Nata, pero no me salió. No podía dejar de tiritar. Igual, la vieja tampoco

me dio tiempo a decirle nada—: Tomá, abrigate, que te vas a enfermar.

Me tiró el saco y yo ni lo dudé: me lo puse, y al instante nomás

sentí el abrazo cálido y reconfortante de la lana. Y no fue hasta que entré

en calor que noté que el saco pesaba como si tuviera arena húmeda en los

bolsillos.

—Parecés Gasalla, boludo —me dijo Nata. Miró a la monja—.

¿No le querés pedir una peluca también?

El ovejero alemán, sostenido de una correa por un gendarme con

la cara tapada, iba de asiento en asiento, subiendo las patas a los

apoyabrazos y olfateando con fuerza.

—¿Qué pasa? —preguntó una mujer.

—Todos quietos —dijo un gendarme parado al final del pasillo.

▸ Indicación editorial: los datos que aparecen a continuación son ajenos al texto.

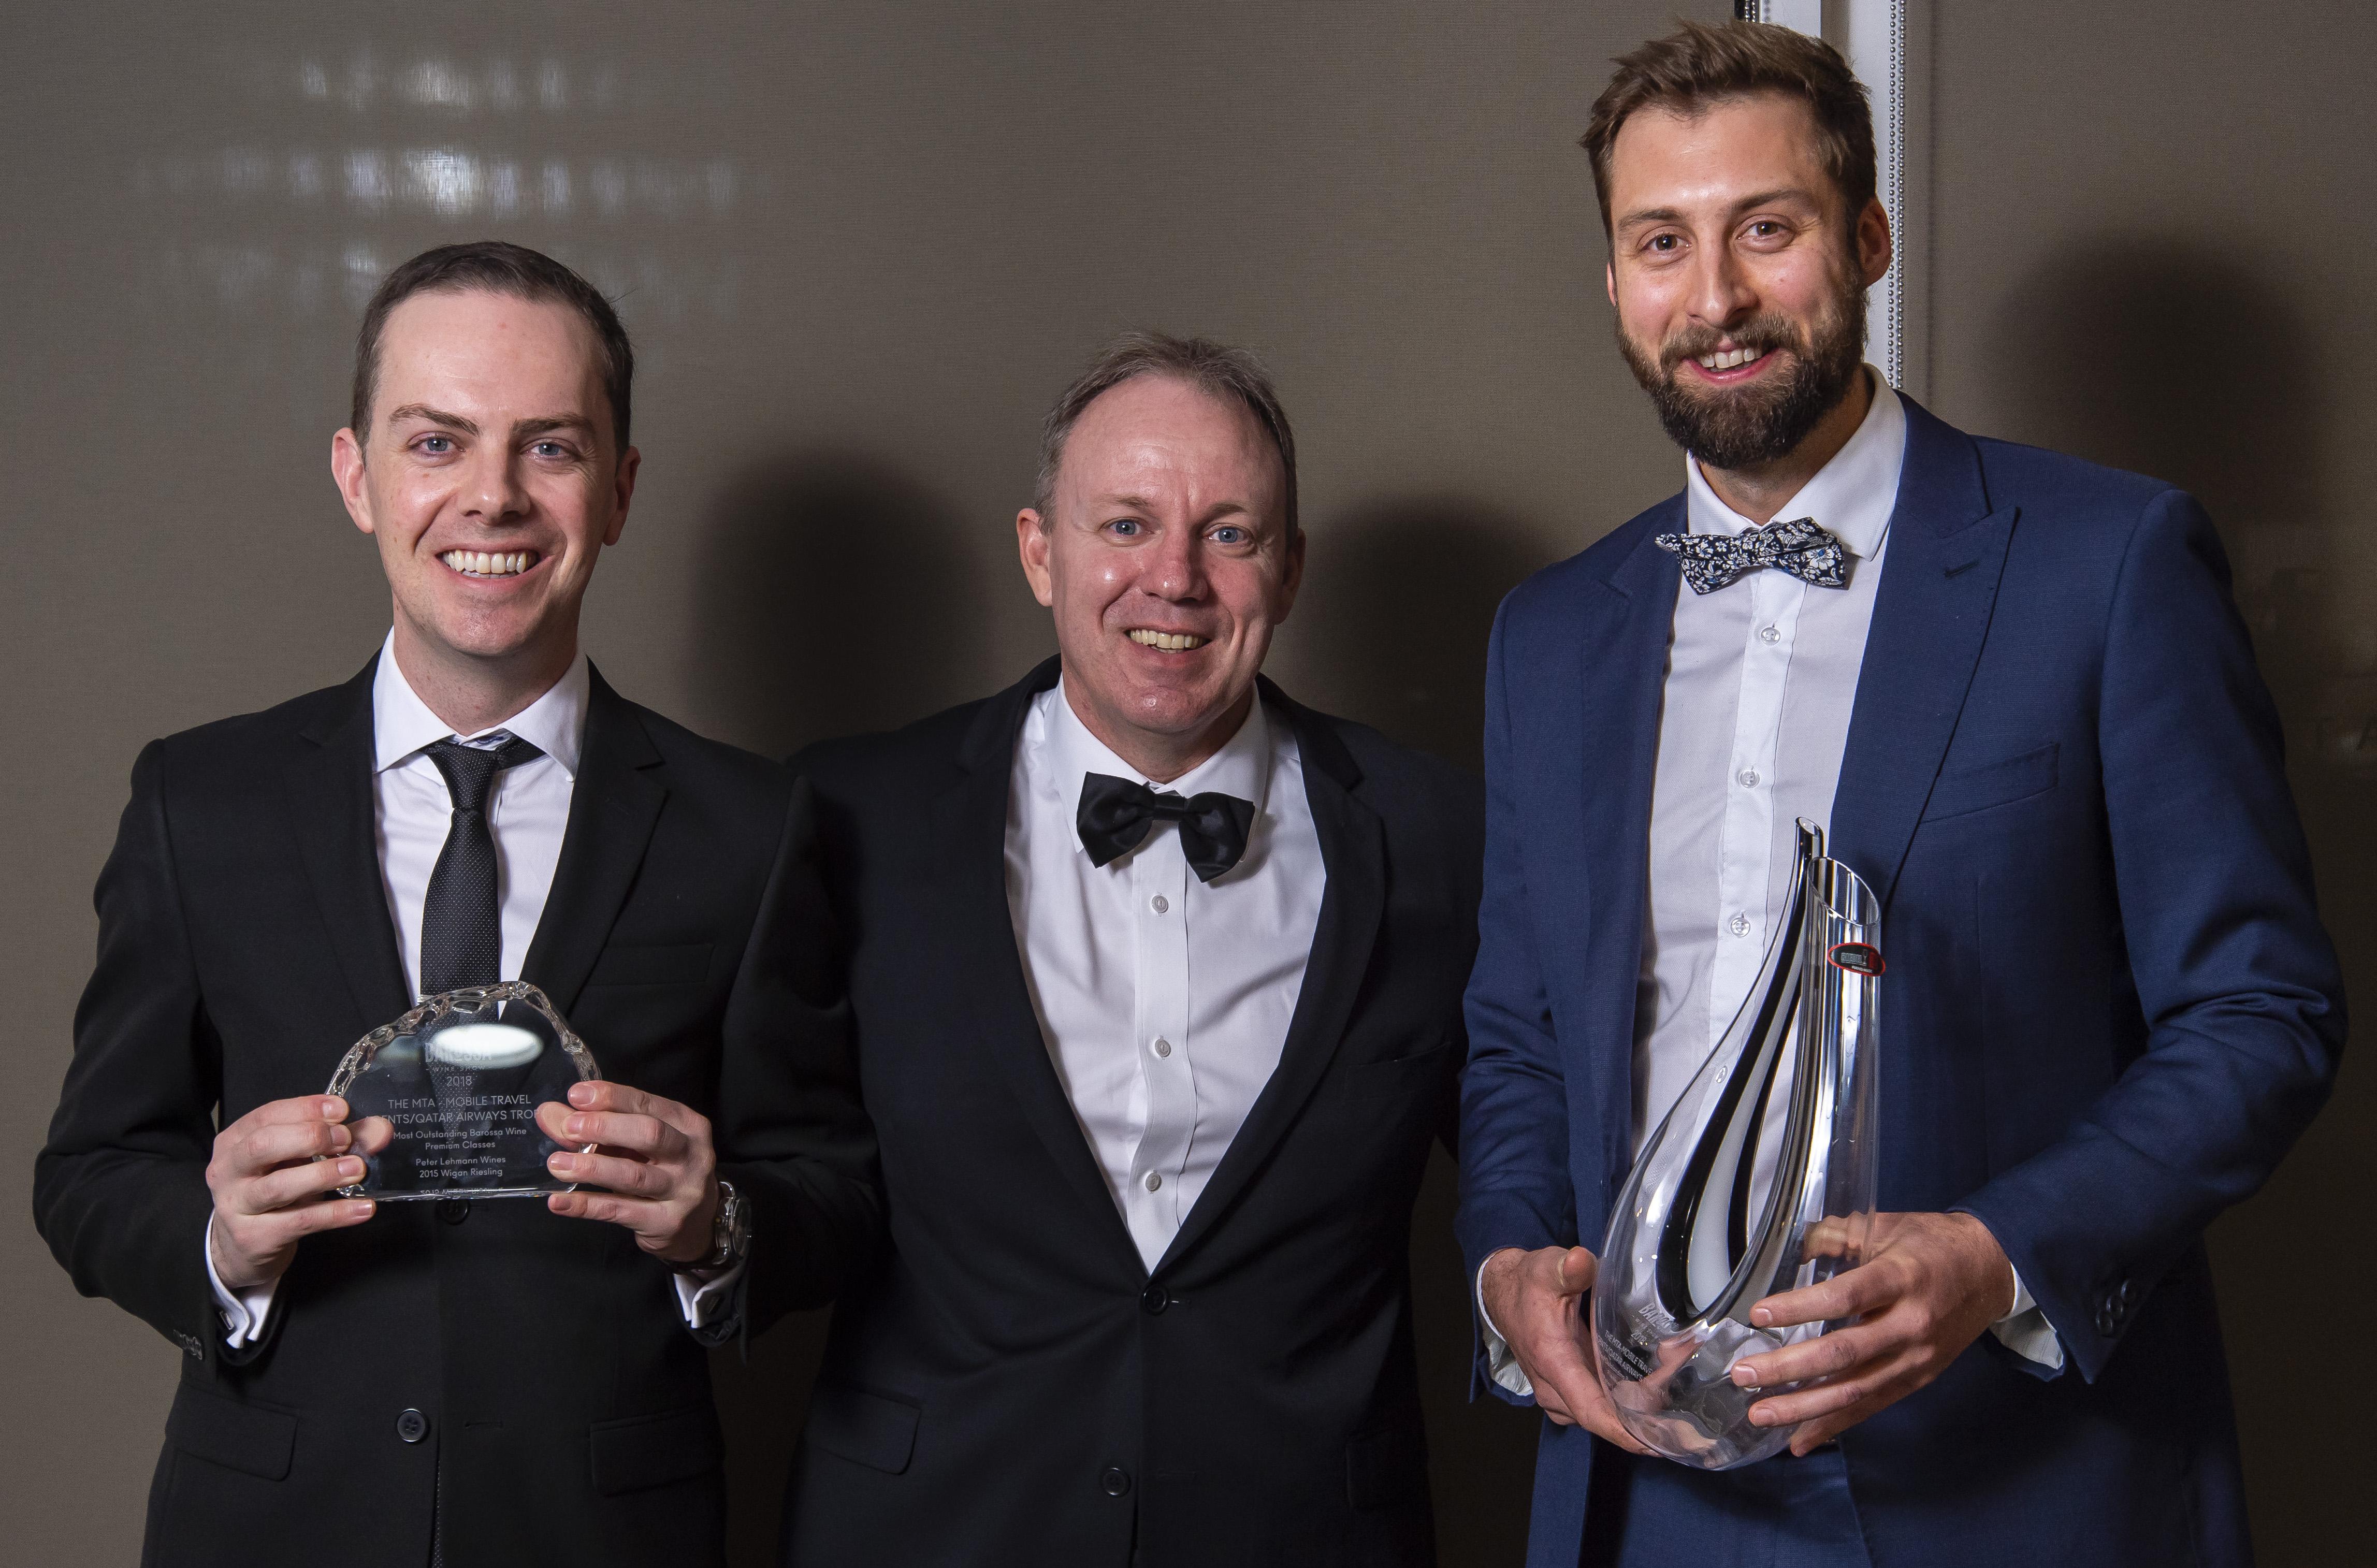 Steven Eikhoff and Aaron Sard (MTA & Qatar Airways) present Tim Dolan with the MTA- Mobile Travel Agents / Qatar Airways Trophy, Most Outstanding Barossa Wine, Premium Classes, Barossa Wine Show 2018

Apoyaba la escopeta sobre la panza que le sobresalía como una ubre

camuflada—. Requisa.

Cuando el ovejero estuvo a dos asientos de nosotros, se frenó un

segundo, olisqueó el aire del pasillo y paró las orejas. De una sacudida
feroz, logró soltarse del gendarme y vino enloquecido hacia mí y me saltó

encima. Pegué tal grito que el perro empezó a ladrarme directo a la cara;

la baba espumosa y pestilente me salpicaba los ojos, hasta me entró en la

boca y me dio arcadas.

El gendarme del fondo vino corriendo y, junto al otro, me sacaron

al perro de encima. El de la escopeta me agarró del cogote y me levantó

del asiento. Y antes de que pudiera tomar aire, ya me había acostado boca

abajo en el pasillo y me inmovilizaba los brazos mientras el otro me

revisaba todos los bolsillos del pantalón cargo.

—¿¡Qué onda!? —gritaba Nata—. ¿Qué mierda le hacen?

—¡Acá! —gritó el gendarme que me revisaba cuando me palpó

las costillas: me metió las manos adentro del saco y sacó a los tirones dos

bolsas, del tamaño de una Ziploc, envueltas en cinta de embalar. Apenas

las alzó, el ovejero se volvió loco y retomó los ladridos, que me

retumbaban en la oreja como una metralla de explosiones.

Nata se tiró del asiento y, de un empujón, me sacó de encima al

gendarme que me apresaba. El otro le llamó la atención y le apuntó con la

escopeta. Nata alzó los brazos.

—Perdón, perdón —dijo Nata—, pero ¿les parece que ese saco

tejido es de mi amigo? —sin bajar los brazos señaló con los dedos a la

monja, que, entre el quilombo, parecía que se había levantado y se alejaba

despacito por el pasillo—. Es de la monja ortiba aquella, que se lo prestó

porque el pobre se estaba congelando.

—Eso no es mío —dijo la monja.


Y ahí casi me desmayo; me imaginé llamando a mi vieja desde la

cárcel: Ma, estoy preso, perdón por escaparme de casa, soy un pelotudo,

pero nada de eso llegó a pasar. Por suerte, todos en el bondi habían visto a

la monja del saco a crochet, y nos bancaron a muerte. Al final, después de

revisarnos las mochilas, los pasajes y la conservadora, los gendarmes nos

dejaron tranquilos. Se llevaron esposada a la monja y, como quien no

quiere la cosa en Argentina, el bondi retomó la ruta. El aire

acondicionado seguía al tope, pero el cagazo previo me mantuvo más que

caliente; incluso llegué a dormirme un rato contra el bíceps fornido de

Nata. Y aunque soñé que me acribillaban a balazos contra un Falcon

verde, y me desperté de un sobresalto con los ojos húmedos y el corazón

latiéndome en la boca, no iba a permitir que nada me bajoneara este viaje.